In yet another illustrative embodiment, a method for installing a casing slip hanger assembly in a wellhead through a blowout preventer includes releasably coupling a plurality of slips to a slip bowl of the casing slip hanger assembly, and releasably coupling a slip bowl protector to the casing slip hanger assembly. Furthermore, the method also includes lowering the casing slip hanger assembly into the wellhead through the blowout preventer so as to position the casing slip hanger assembly around a casing and to land the casing slip hanger assembly on a wellhead support shoulder. Additionally, the illustrative method includes, among other things, dropping the plurality of slips into contact with an outside surface of the casing, wherein dropping the plurality of slips includes imposing a pressure thrust load on the slip bowl protector so as to uncouple the plurality of slips from the slip bowl, setting the slips so as to support the casing, and retrieving the slip bowl protector from the wellhead through the blowout preventer.
In another exemplary embodiment, a method for installing an emergency casing slip hanger assembly and an emergency casing packoff assembly having a metal to metal sealing system into a wellhead through a blowout preventer is disclosed. The method includes, among other things, lowering the slip hanger assembly into the wellhead through the blowout preventer with a slip hanger assembly running tool that is supported by a tubular support so as to land the slip hanger assembly on a support shoulder of the wellhead, wherein the slip hanger assembly includes a slip bowl and a plurality of slips that are releasably coupled to the slip bowl by a plurality of first shear pins. Furthermore, the disclosed method also includes imposing a pressure thrust load on the slip hanger assembly running tool so as to shear the plurality of first shear pins and to drop the slips into contact with a casing positioned in the wellhead, setting the slips so as to support the casing, and retrieving the slip hanger assembly running tool from the wellhead through the blowout preventer. Additionally, the method further includes lowering the packoff assembly into the wellhead through the blowout preventer with a hydro-mechanical running tool so as to land the packoff assembly on a support shoulder of the slip hanger assembly, wherein the packoff assembly includes an upper packoff body and a lower packoff body that is releasably coupled to the upper packoff body with a plurality of second shear pins. Moreover, the method also includes imposing a pressure on the packoff assembly and at least a portion of the hydro-mechanical running tool so as to shear the plurality of second shear pins and to energize the metal seal ring so as to create a metal to metal seal between the packoff assembly and the casing.

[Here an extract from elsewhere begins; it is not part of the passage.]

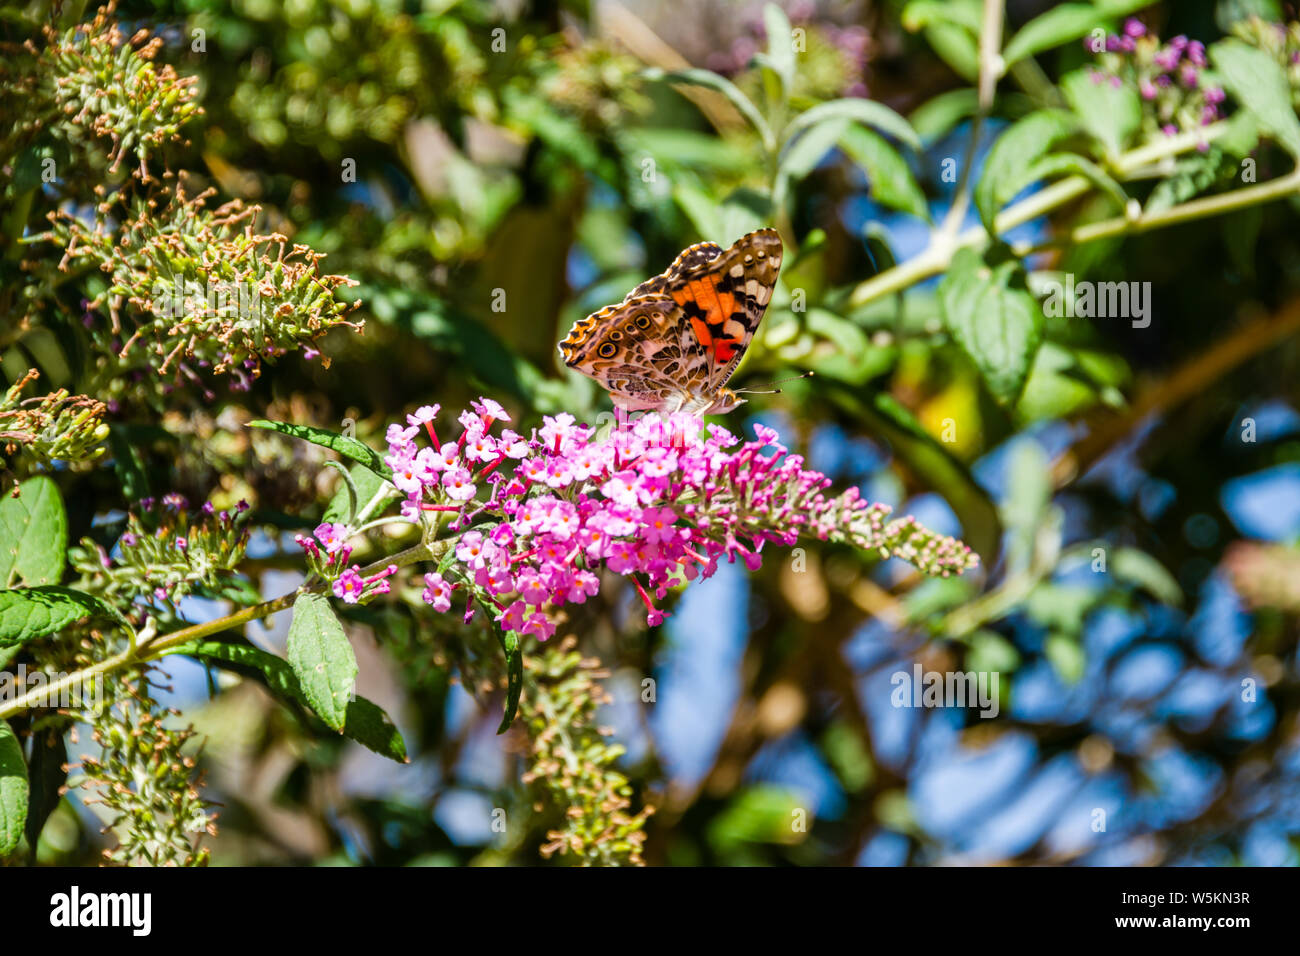 Brush-Footed Butterfly Foto Stock

Finally, the disclosed method includes rotating at least a portion of the hydro-mechanical running tool relative to at least a portion of the packoff assembly so as to lock the packoff assembly into the wellhead while maintaining the imposed pressure, and retrieving the hydro-mechanical running tool from the wellhead through the blowout preventer.
The disclosure may be understood by reference to the following description taken in conjunction with the accompanying drawings, in which like reference numerals identify like elements, and in which:
While the subject matter disclosed herein is susceptible to various modifications and alternative forms, specific embodiments thereof have been shown by way of example in the drawings and are herein described in detail. It should be understood, however, that the description herein of specific embodiments is not intended to limit the invention to the particular forms disclosed, but on the contrary, the intention is to cover all modifications, equivalents, and alternatives falling within the spirit and scope of the invention as defined by the appended claims.

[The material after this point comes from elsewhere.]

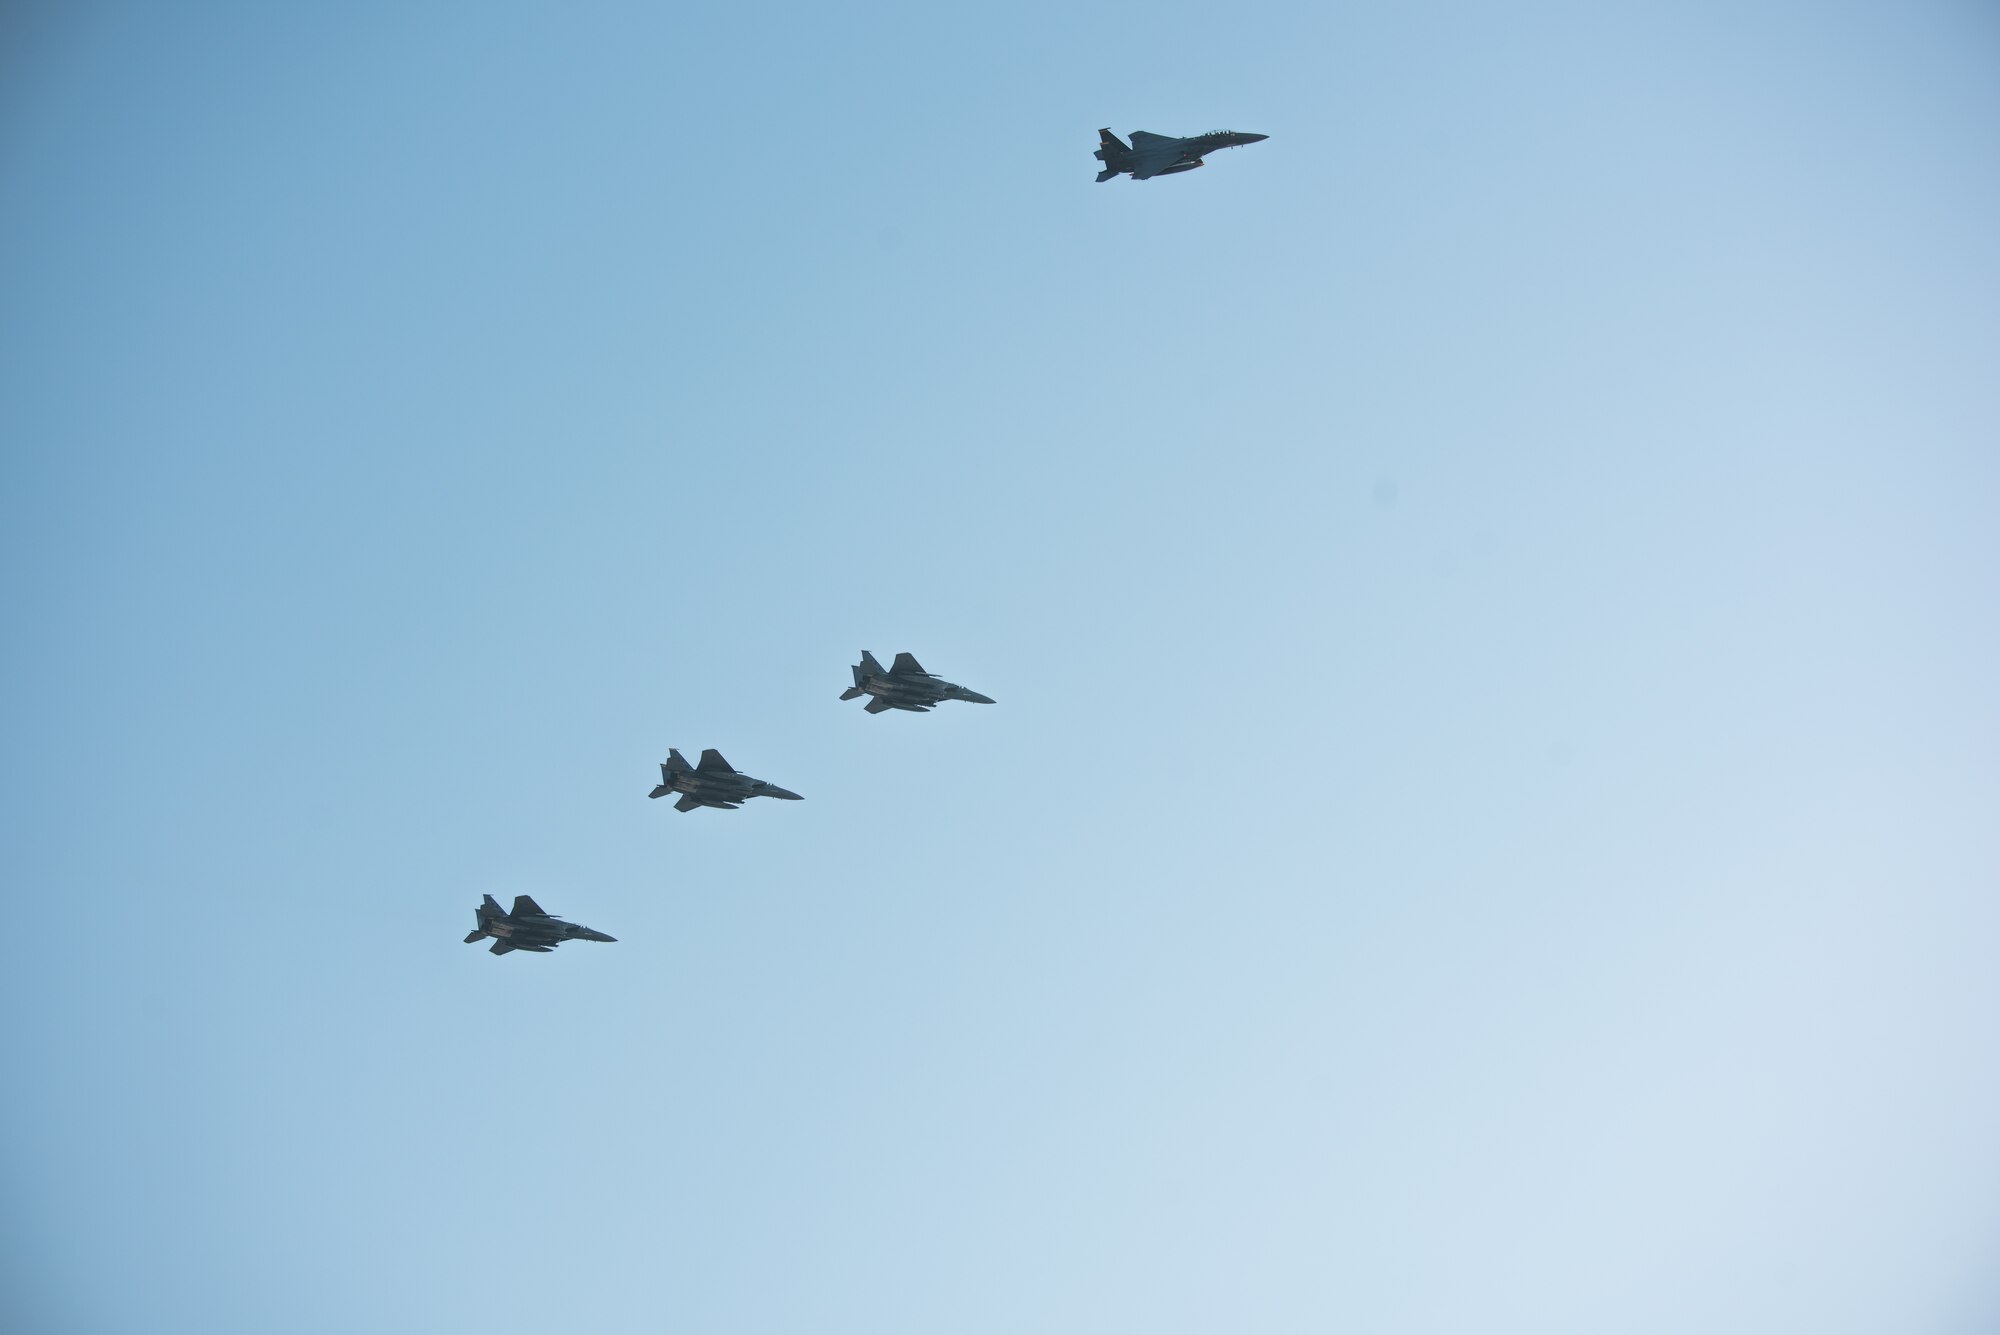 Four F-15E Strike Eagles from the 336th Fighter Squadron, 4th Fighter Wing at Seymour Johnson Air Force Base, North Carolina prepare to land at Al Dhafra Air Base, United Arab Emirates, June 13, 2019. The F-15E’s joined ADABs inventory of other fighters to include F-15C Eagles and F-35A Lightning IIs. (U.S. Air Force photo by Staff Sgt. Chris Thornbury)

DETAILED DESCRIPTIONVarious illustrative embodiments of the present subject matter are described below. In the interest of clarity, not all features of an actual implementation are described in this specification. It will of course be appreciated that in the development of any such actual embodiment, numerous implementation-specific decisions must be made to achieve the developers' specific goals, such as compliance with system-related and business-related constraints, which will vary from one implementation to another. Moreover, it will be appreciated that such a development effort might be complex and time-consuming, but would nevertheless be a routine undertaking for those of ordinary skill in the art having the benefit of this disclosure.

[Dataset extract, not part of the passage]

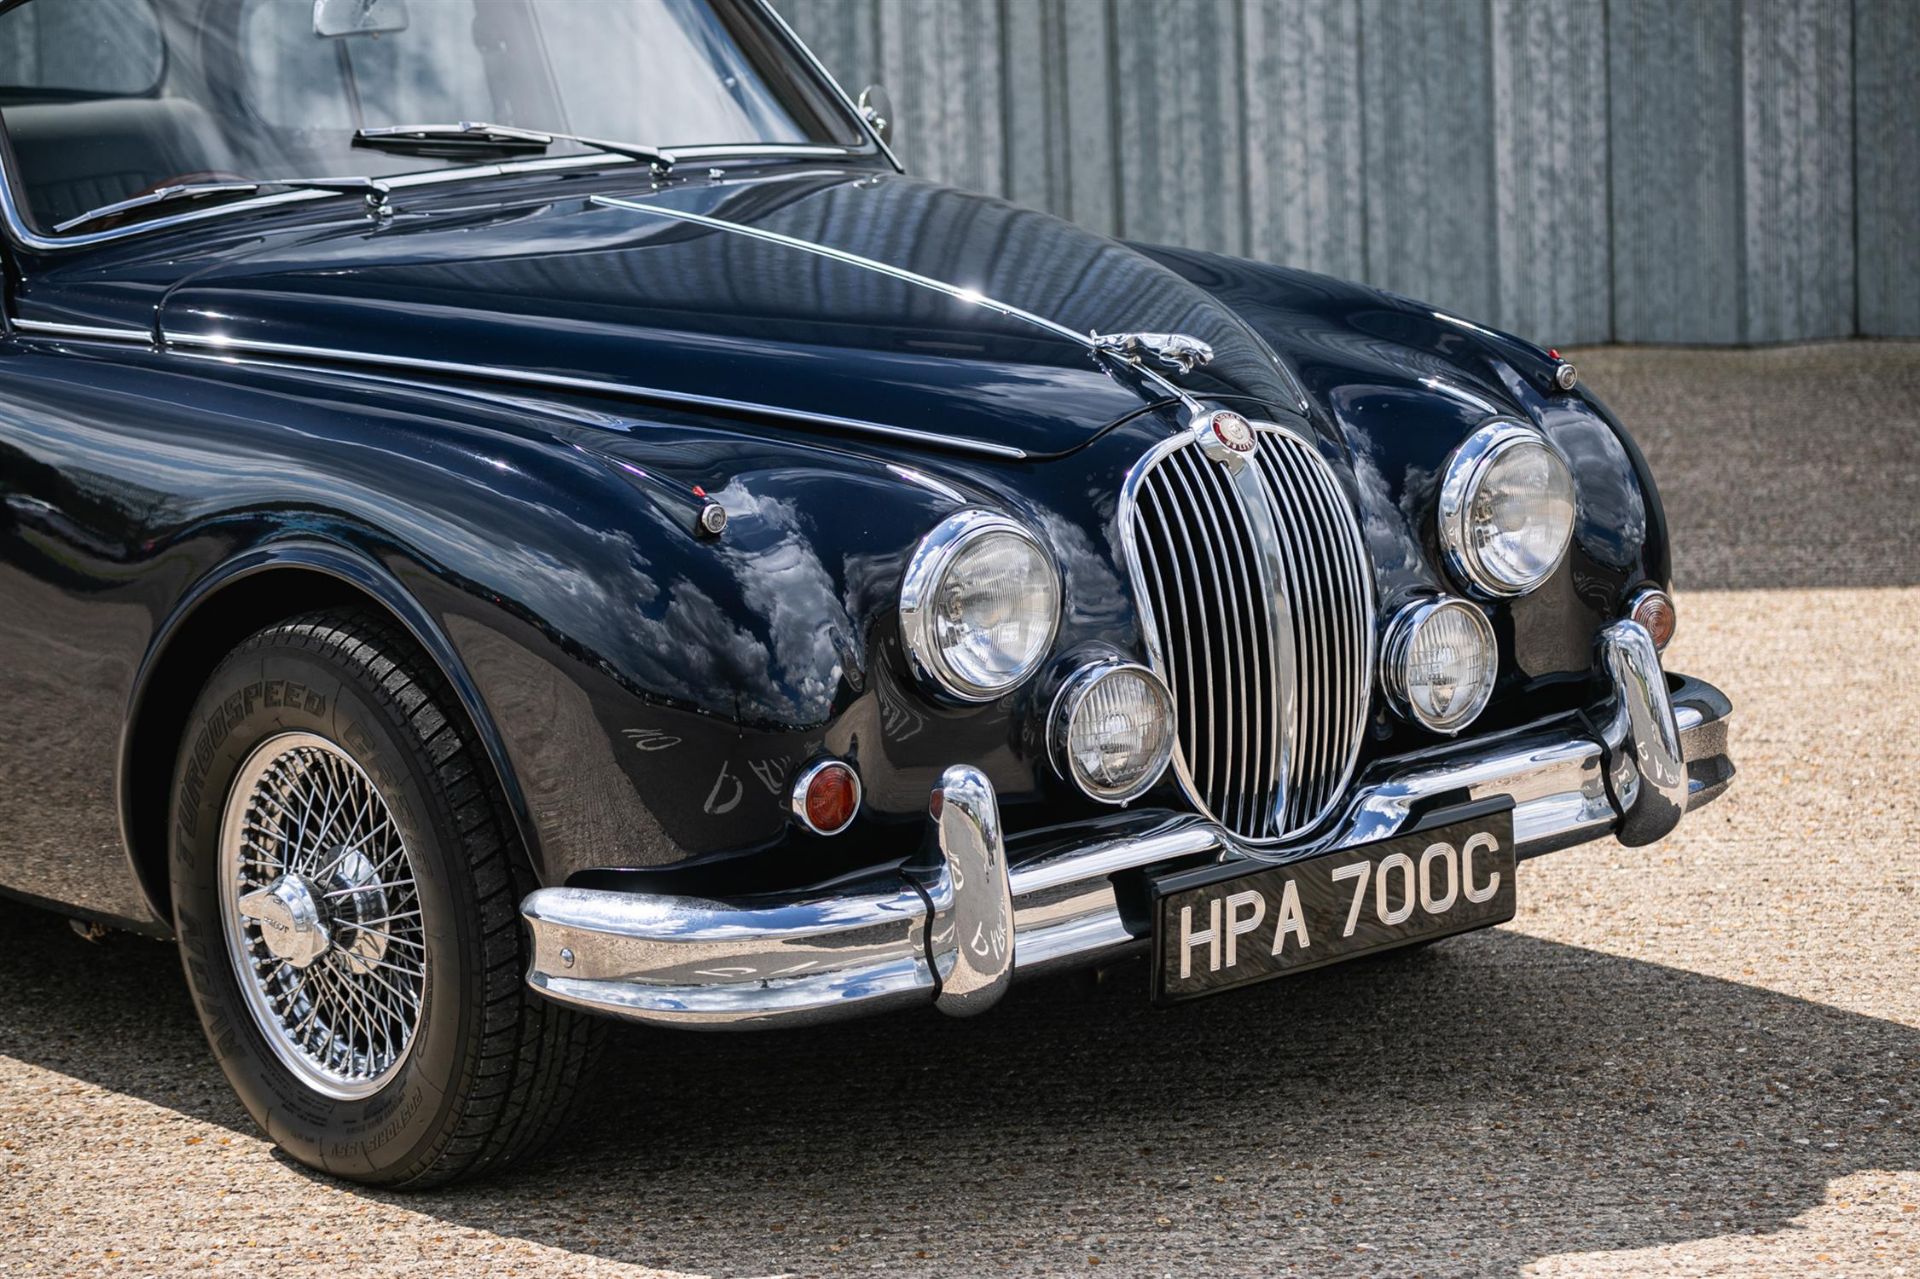 1964 Jaguar Mk2 3.8-Litre 'Coombs'-Style Sports Saloon - Image 8 of 10

The present subject matter will now be described with reference to the attached figures. Various systems, structures and devices are schematically depicted in the drawings for purposes of explanation only and so as to not obscure the present disclosure with details that are well known to those skilled in the art. Nevertheless, the attached drawings are included to describe and explain illustrative examples of the present disclosure. The words and phrases used herein should be understood and interpreted to have a meaning consistent with the understanding of those words and phrases by those skilled in the relevant art. No special definition of a term or phrase, i.e., a definition that is different from the ordinary and customary meaning as understood by those skilled in the art, is intended to be implied by consistent usage of the term or phrase herein. To the extent that a term or phrase is intended to have a special meaning, i.e., a meaning other than that understood by skilled artisans, such a special definition will be expressly set forth in the specification in a definitional manner that directly and unequivocally provides the special definition for the term or phrase.
Generally, the subject matter disclosed herein relates to the systems, methods, and tools that may be used for installing an emergency slip hanger and annular packoff with a metal to metal sealing system in a wellhead without removing the blowout preventer from the wellhead. As described previously, such a system may be required in those instances when a casing string becomes stuck in the wellbore as it is being run into the well, and subsequently cannot be pushed further down or pulled out of the hole. For example,
In certain illustrative embodiments of the present disclosure, in addition to the centralizing tool 121, the emergency slip hanger running tool assembly 120 may also include a plug assembly 123 (not shown; see
In some embodiments, each of the plurality of slips 131 may have an outside tapered sliding surface 131s that is adapted to allow the plurality of slips 131 to slide down and into place against the casing 110 (not shown in
In certain exemplary embodiments, the shear pins 132 may be adapted to be sheared when a downward shearing load 128 (see,
In some embodiments, each shear pin 132 may have a base portion 132b that is adapted to be inserted into a corresponding hole 130h in the emergency slip bowl 130 and an end portion 132e that is adapted to be received by a corresponding pocket 131p in a slip 131. As shown in
In certain illustrative embodiments, the base portion 132b of the shear pins 132 may be externally threaded and may therefore be threadably engaged with a corresponding internally threaded hole 130h. In other embodiments, the end portion 132e of each shear pin may have a configuration that is adapted to engage with a correspondingly configured interface in the pocket 131p of each slip 131. For example, the end portion 132e may have one or more splines that are adapted to slidably engage one or more slots or keyways formed in the pocket 131p. Other engaging interface configurations may also be. Furthermore, in at least one embodiment, the end portion 132e and the pocket 131p may be adapted so that the engaging interface therebetween has a slight interference fit, thus enabling the end portion 132e to remain within the pocket 131p—i.e., with the slip 131—when the end portion 132e is sheared away from the base portion 132b of the shear pin 132.
As illustrated in
In certain illustrative embodiments, each shear pin 134 may have a base portion 134b that is adapted to be inserted into a corresponding hole 137h in the tab 137t and an end portion 134e that is adapted to be received by a corresponding groove or pocket 130p in the emergency slip bowl 130. Furthermore, in at least one embodiment, the base portion 134b of each shear pin 134 may be press fit into the corresponding hole 137h so as to keep the shear pin 134 in place, whereas in other embodiments there may be a splined and grooved interfaced or a threaded interface between the base portion 134b and the hole 137h, e.g., as is described above with respect to the end portion 132e of the shear pin 132.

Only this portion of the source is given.